I’m not sure how to explain this, but at that moment, as we all peered down at Tom’s  tick, I saw that the charade was up.  My brother and I were not like other kids.  We had a father we saw only once a week, a mother who loved us, but could not be relied upon.  We lived with our kind, educated, dignified grandmother – but even she couldn’t tame us.  We did what we wanted – crazy adventures in the woods and down at the pond all summer.  None of the kids in my grandmother’s well-to-do suburb had divorced parents.  They spent their days swimming at the country club pool, and getting their tick-free hair done at places like Mr. Perry’s. 

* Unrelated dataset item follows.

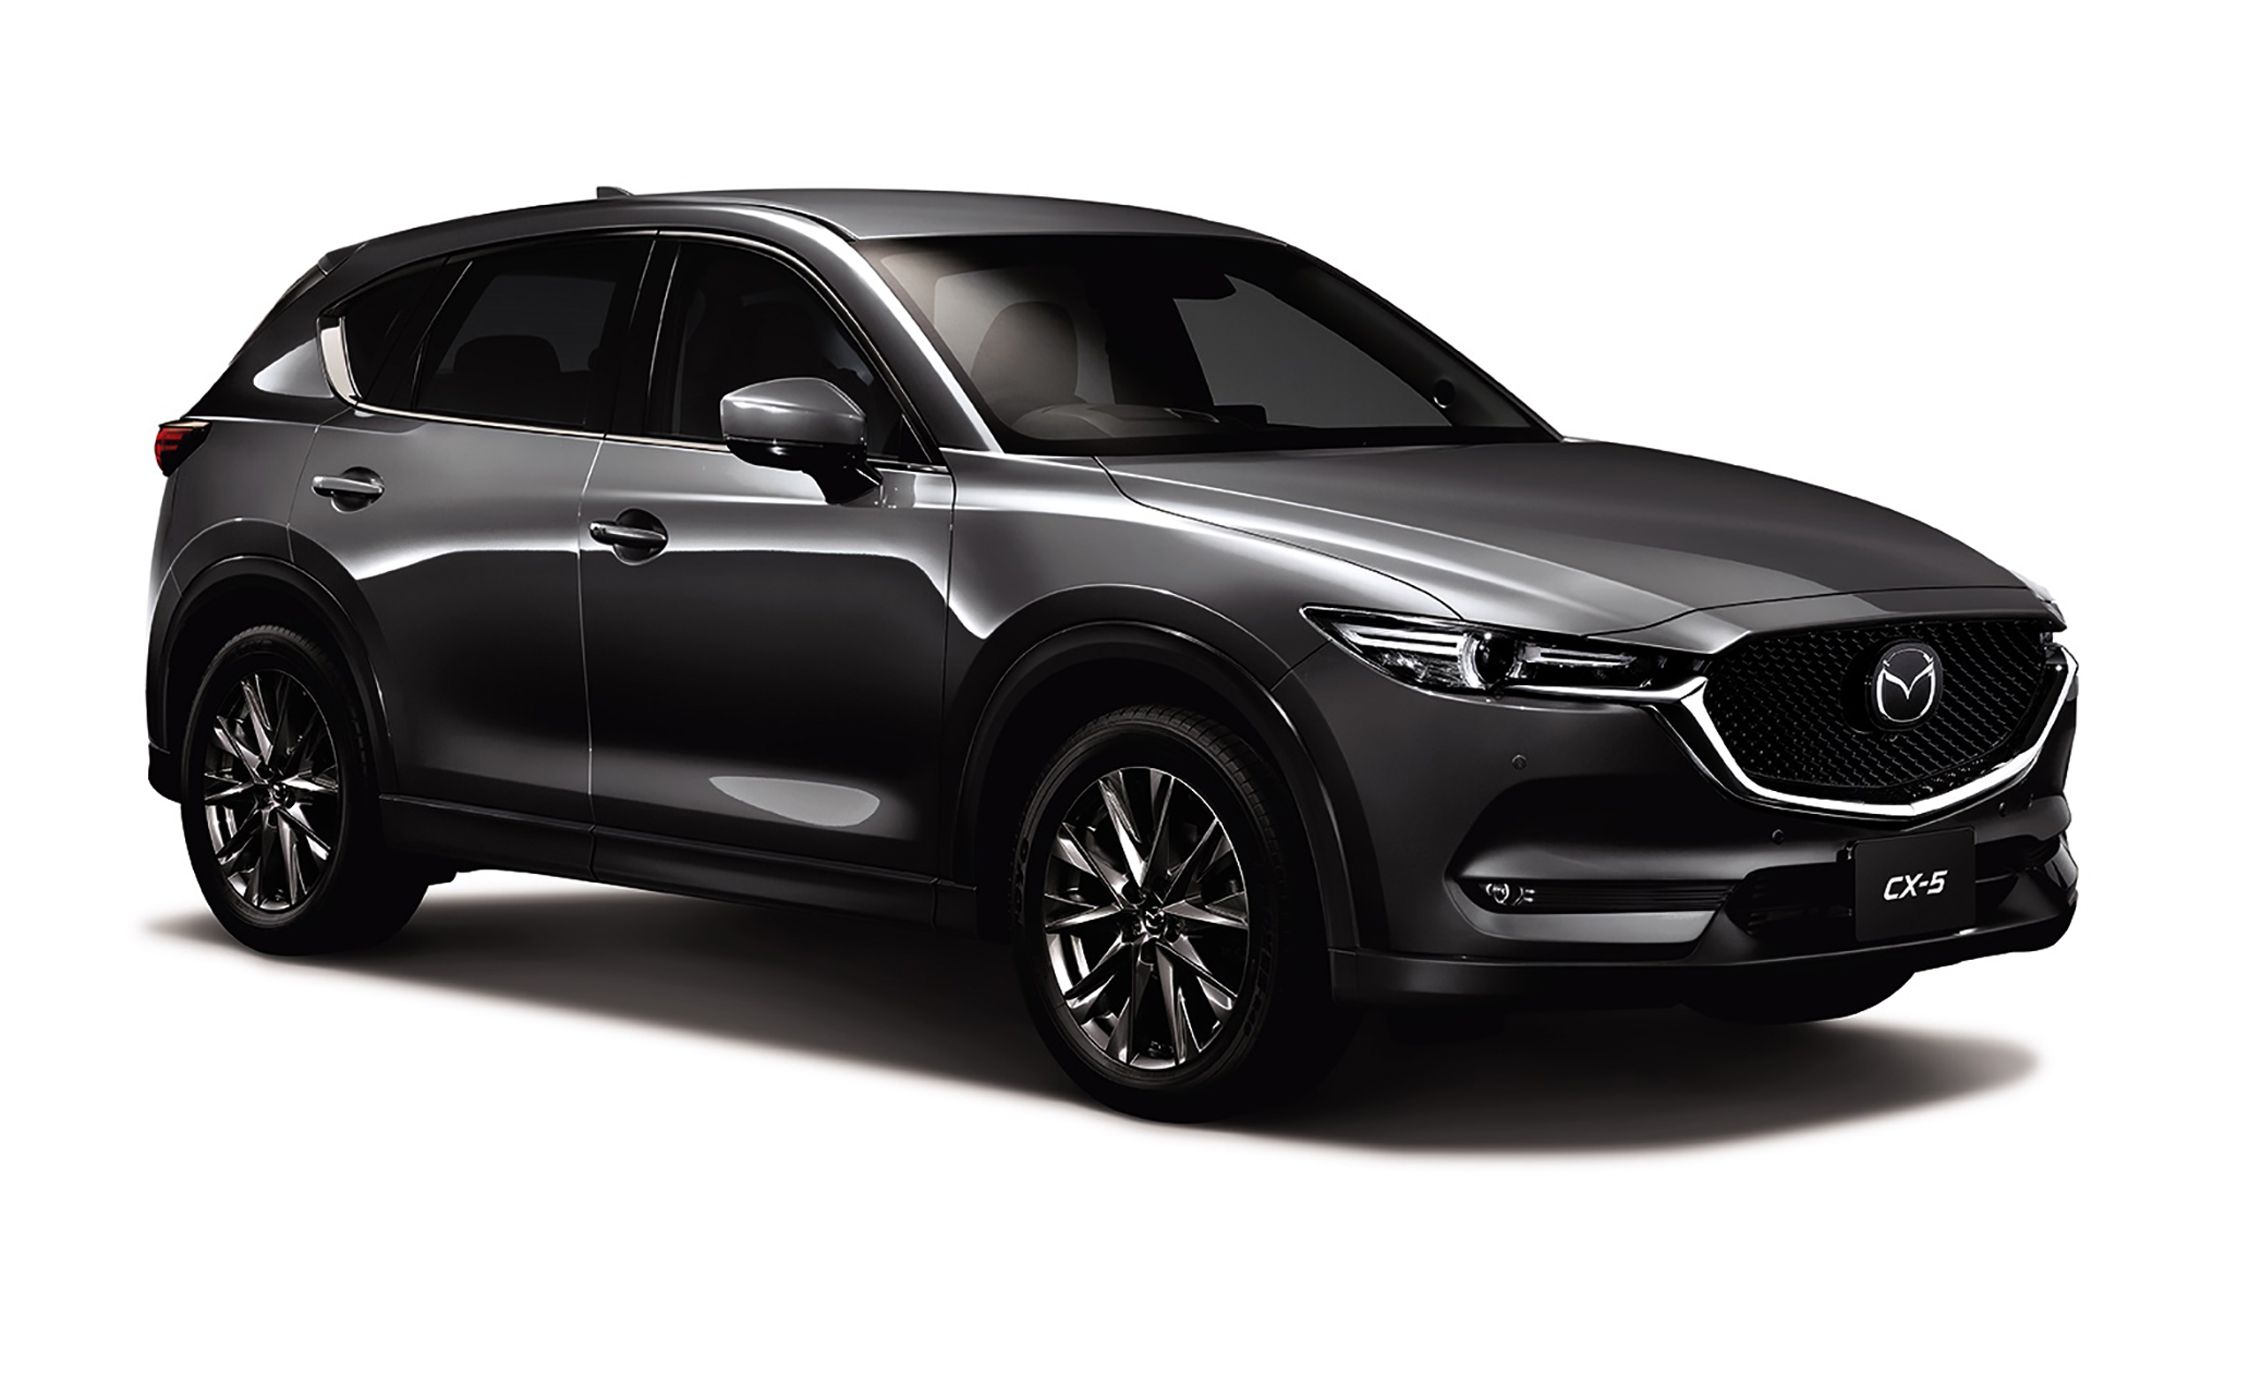 2019 Mazda CX-5 Expected to Get Turbo Engine – New 2.5T Optional Powertrain

I looked at Mr. Perry and his hair girls, all standing gape-mouthed, shaking their heads, saying things like “Well, I’ve just never seen one quite so…enormous,” and I knew, I just knew that at that moment, they saw all the dark secrets of our lives. 

9 Replies to “At Mr. Perry’s”

  1. If you can evoke such strong feelings from a post on “Haircuts,” Jennifer, I can only imagine what’s in store for us in “Promise Not to Tell.” Honestly, you’re amazing.

    OT: Happy 831 Day to all!

  2. Thanks for sharing the story of my tick with the world! Perhaps if the subject of torturing younger siblings ever comes up you can explain about the SLUGS!

  3. Uh oh. Busted! Sorry, Tom! Actually, I think I may have ‘fessed up about the slugs in a comment on one of Tish’s earlier posts, but for those who missed it… Yes, it’s true. I once tied my sweet younger brother to a tree shirtless and blindfolded, then covered him slugs and told him they were leeches. I also put him in a dryer. And cut up his beloved blanket, “Greenie.” Overall, I was a horrible big sister.

    To everyone else – you are too kind! Thank you so much, your compliments mean a lot to me.

  4. Oh God, I can feel that moment. How devastating and honest, you had me physically cringing.

    You know, I once took my kids to a snazzy kids’ salon I could not afford because they hated to sit still for haircuts, and this place had movies and other bribery. We had just such a moment when the stylist called me over and pointed out an actual bug, a louse, crawling across one of my children’s heads. The stylist was discreet, thank God, and followed through with the haircut before marching off to STERILIZE her tools!

    Turned out they both had lice, as did the little neighbor girl who’d been lolling around on our sofa a few days prior…

  5. There’s nothing like a dime-sized tick to put things into perspective and show you who your friends are … 😉

    And Tom, I’m so glad you’re here to “encourage” Jennifer to tell us all of her dastardly big sister antics – mine include telling my brother he was adopted (a classic, but very effective), dressing him up in a bonnet and shawl so we could play Little House on the Prairie or something bizarre like that, and once convincing him to get a perm and then lying and telling him it looked good.